# My Flower Shrimp.. eaten?!



## argentis (Jan 18, 2010)

Good morning everyone!

I had quite the scare this morning.. I couldn't find my precious Ebi, my flower shrimp.

Last night I transferred it from my older tank (which I realized wasn't going to be large enough for the dude) into our new 20G planted tank that already has a community of fish living there (but enough space for me to add a few shrimpy friends!)

Ebi was used to living with my Beta, and some Danio's so I figured it would be fine, especially since there's even more plant and hiding spots for it.

I couldn't find it anywhere... Even when I fed the tank, it didn't show it's greedy little self...

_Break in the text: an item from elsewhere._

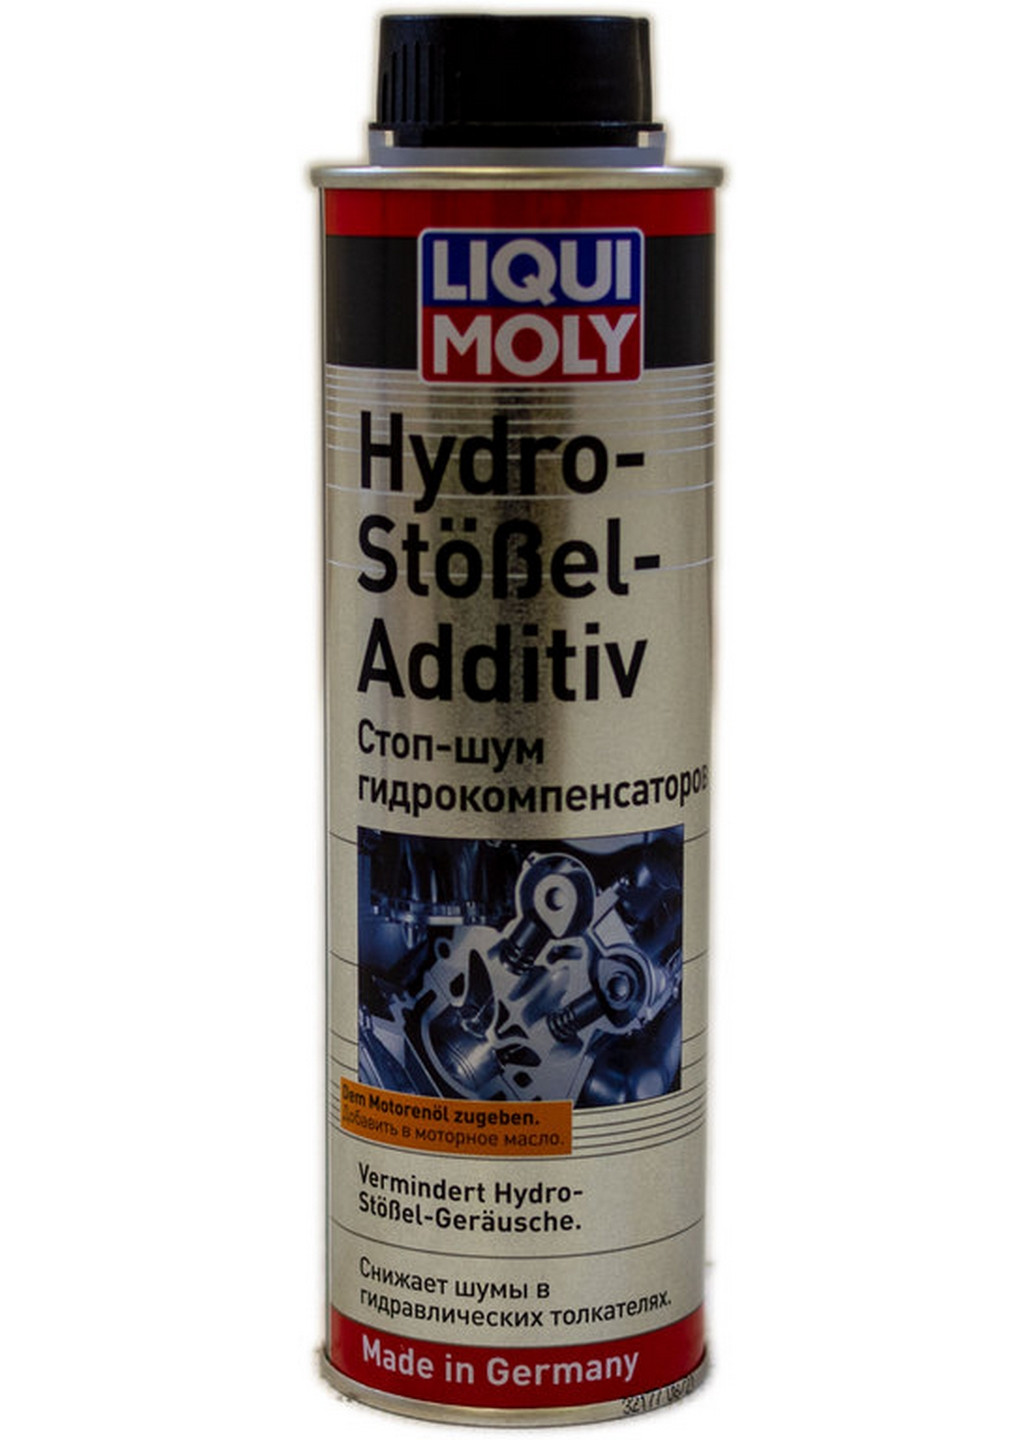 Присадка в моторное масло 300 мл Hudro-Stossel-Additiv (для устранения шума гидрокомпенсаторов) 6х18х5,5 см Liqui Moly (263425449)

Turns out it found the secret buffet table! 
https://www.flickr.com/photos/[email protected]/sets/72157650530164515/


----------



## bettaforu (Sep 6, 2009)

Agghhh so sorry about EBI. I have had flower shrimp climb out of my tank or fall over the top several times. They are cool shrimps but don't live a long time.


----------



## argentis (Jan 18, 2010)

oh! nono, Ebi's still alive and well!! It attached itself onto the back of my filter (which is on the back of my tank)


----------



## brycon (Aug 5, 2014)

I have some flower shrimp also but haven't seem them in awhile. For the most part, mine are always sitting at the outputs or wherever there is water flow. You must have some sort of current at the back of your filter.


----------



## RevoBuda (Sep 3, 2011)

If I am not mistaken they are normally wild caught so lifespan is short in captivity due to not knowing ages.


----------